Neither the name of Intel Corporation nor the names of its suppliers may be used to endorse or promote products derived from this software without specific prior written permission.

No reverse engineering, decompilation, or disassembly of this software is permitted.

"Binary form" includes any format that is commonly used for electronic conveyance that is a reversible, bit-exact translation of binary representation to ASCII or ISO text, for example "uuencode."

Rimane però l'iniziale passo falso. Perché Intel ha cercato di impedire i benchmark del microcode? Tutto ciò che riguarda le vulnerabilità dei microprocessori rappresenta un tema sensibile per la casa di Santa Clara, investita quest'anno da Spectre, Meltdown e da una serie di altre varianti tra cui L1TF (Foreshadow).

Gli interventi per garantire la sicurezza dei clienti hanno avuto in certi casi impatti prestazionali anche evidenti.

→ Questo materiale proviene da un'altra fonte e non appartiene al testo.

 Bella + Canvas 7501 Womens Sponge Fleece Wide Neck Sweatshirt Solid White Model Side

Se sulle piattaforme più recenti si può arrivare fino al 10%, su quelle più datate l'impatto (sempre in presenza di determinati carichi) può anche essere più marcato.

intel spectre meltdown

Per quanto concerne le ultime patch al microcode dedicate a L1 Terminal Fault, l'azienda ha fatto sapere che su Windows l'impatto prestazionale è perlopiù risibile, ma in alcuni ambienti virtuali e scenari si può arrivare a un regresso delle prestazioni fino al 31%.

Il veto verso gli attori del mondo Linux di condividere le loro scoperte è quindi apparso subito agli appassionati come la volontà di Intel di celare l'impatto prestazionale del nuovo microcode. E se indubbiamente il risultato sarebbe stato quello, per Intel c'era sicuramente un'altra preoccupazione, ossia che i tester non seguissero le "best practice" e condividessero risultati inaccurati, magari ancora peggiori.

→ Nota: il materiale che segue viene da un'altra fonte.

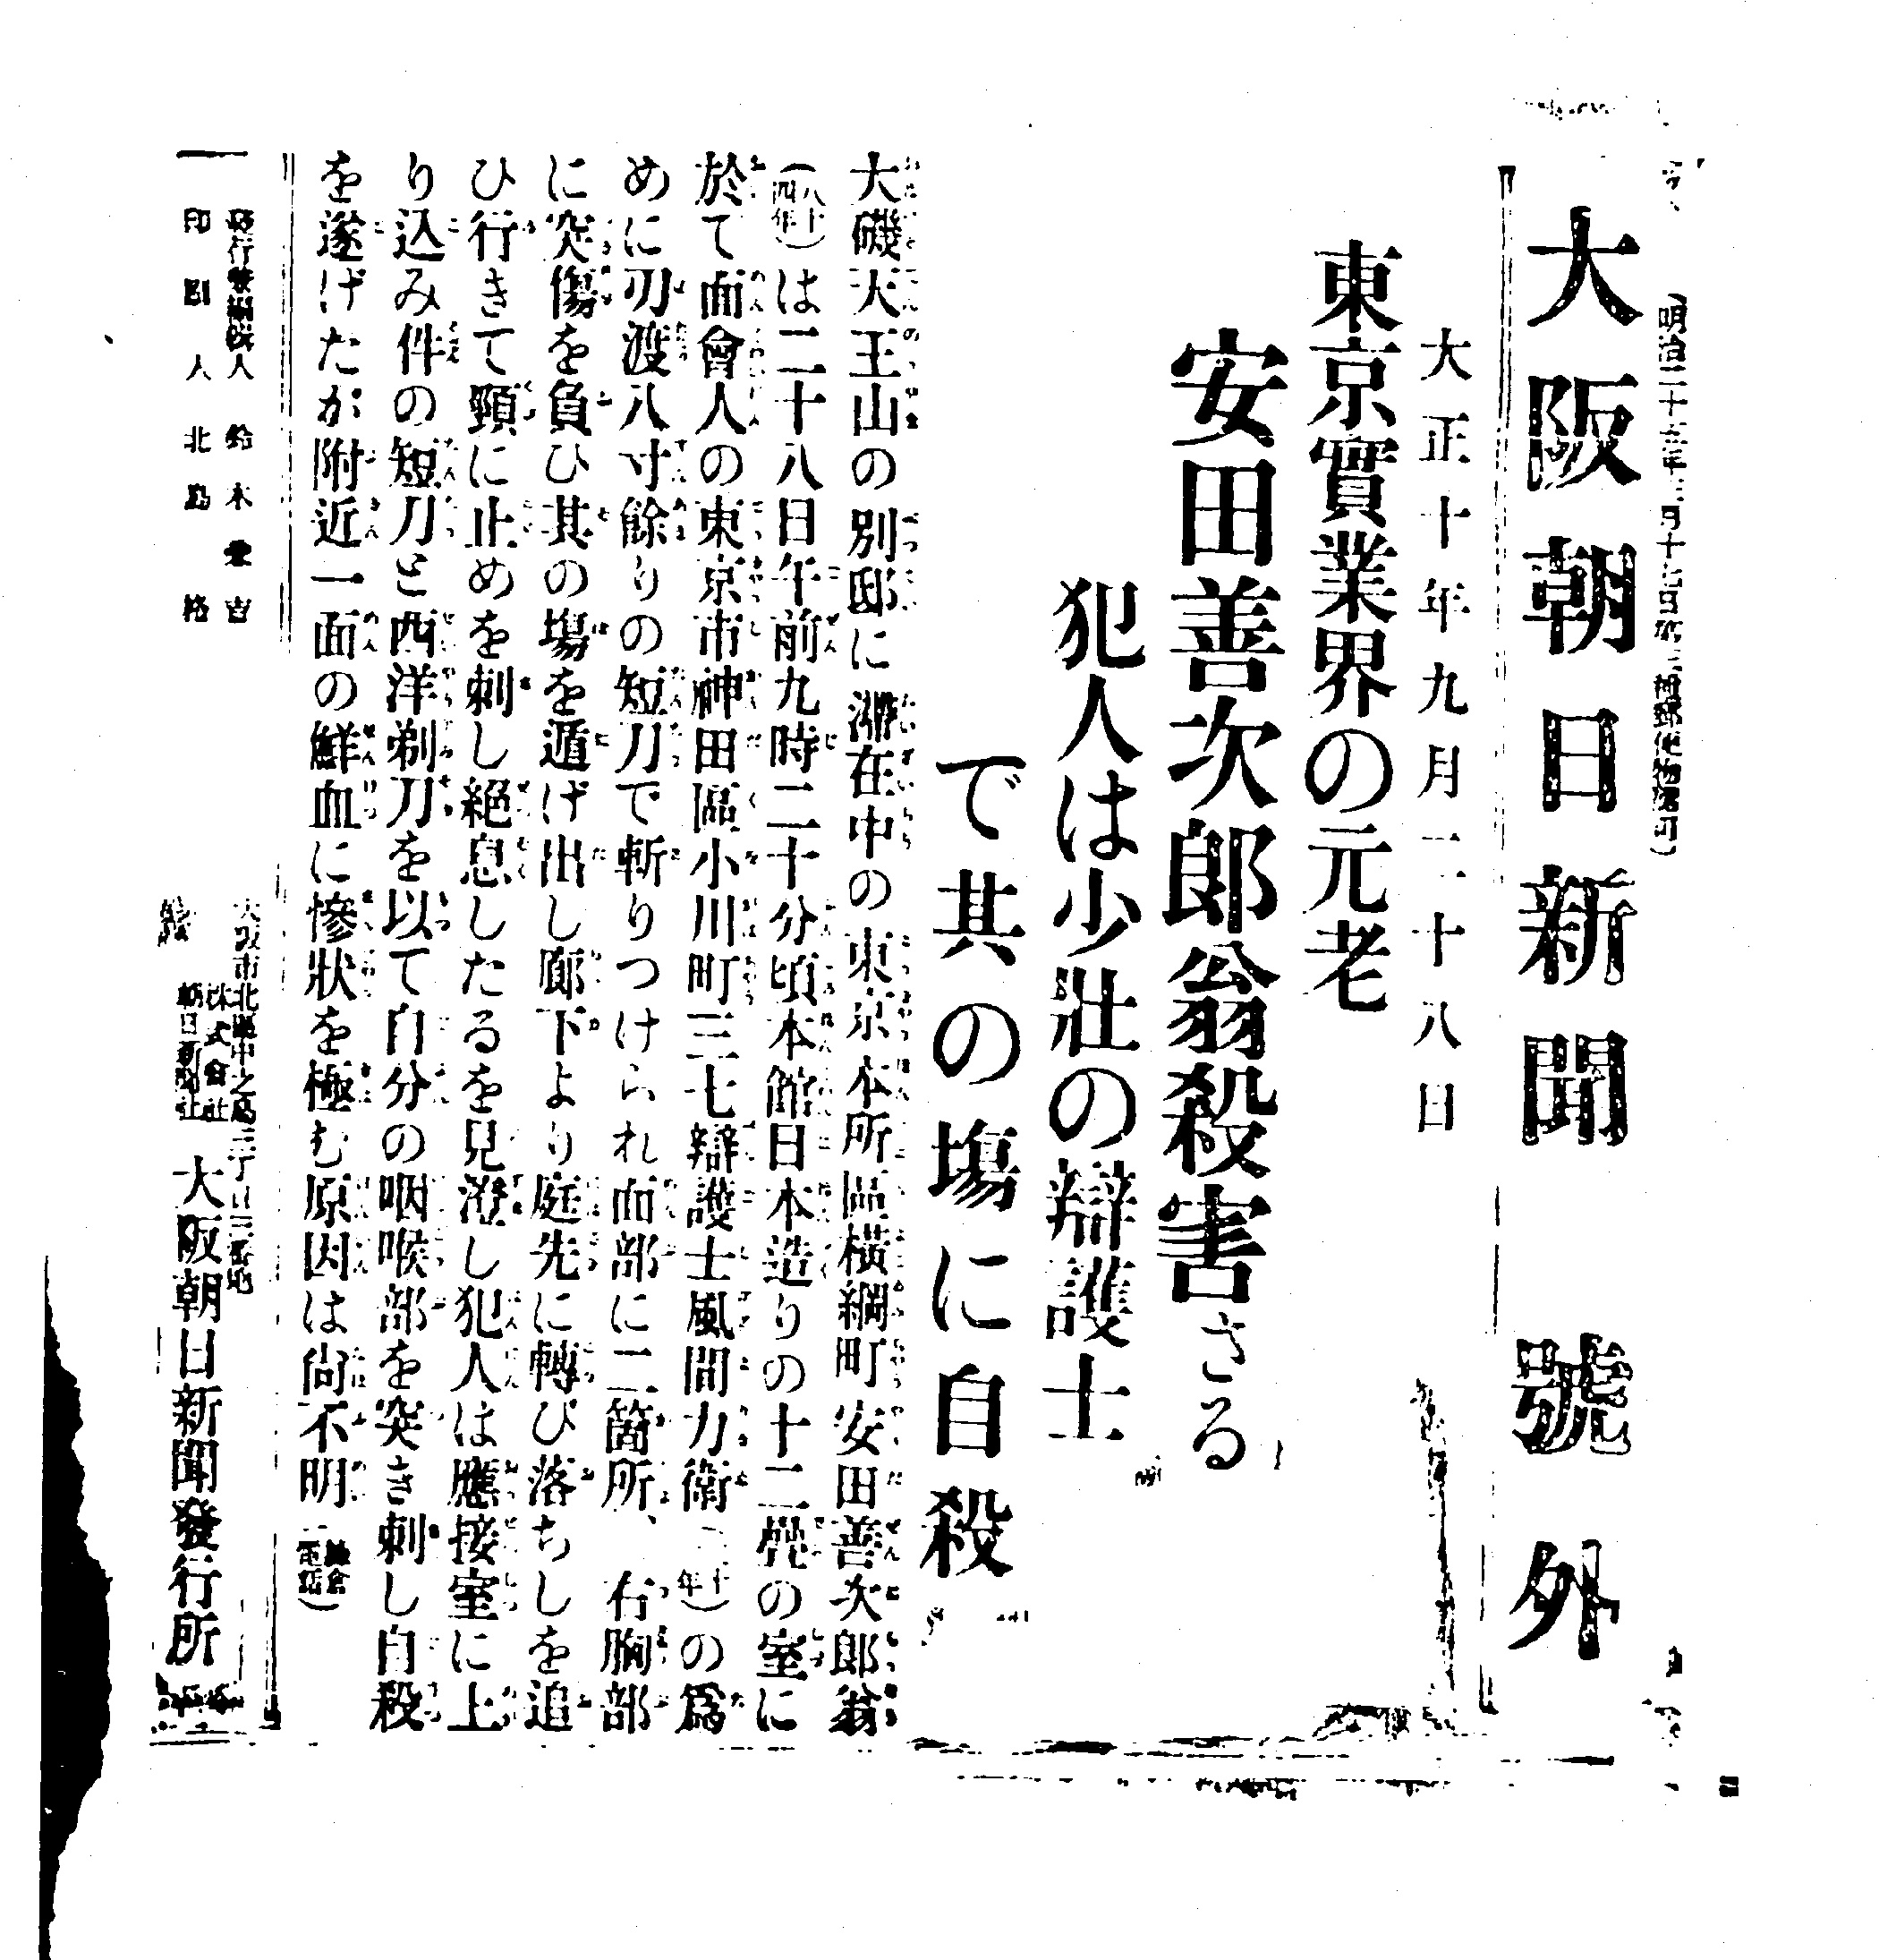 朝日新聞社の歴史（番外編④） テロの連鎖、重なる大正と令和 #1105

Per inciso, restrizioni come questa che fortunatamente è durata poco sono molto comuni nel settore enterprise, con realtà come Dell / EMC, NetApp, VMware e molte altre che impediscono legalmente agli utenti di postare in pubblico i benchmark di qualsiasi dei loro server, sistemi operativi o dispositivi di archiviazione.

intel

Un altro nodo della vicenda riguardava l'apparente restrizione alla distribuzione del microcode. Gli sviluppatori Debian sono stati tra i primi a lamentare l'impossibilità di distribuire i propri pacchetti a causa delle nuove restrizioni.

Fortunatamente la soluzione si è sbloccata rapidamente e ora i termini sono più "amichevoli" per tutti. Purtroppo, in aziende enormi come Intel vivono diverse anime, non bisogna mai vederle come entità monolitiche, e chi si occupa di redigere le licenze o si interessa dell'ambito legale viene preso a volte da manie di onnipotenza che portano a questi passi falsi. Siamo certi che anche molti dipendenti di Intel, appassionati e fan dell'open source, non abbiano preso bene quanto accaduto.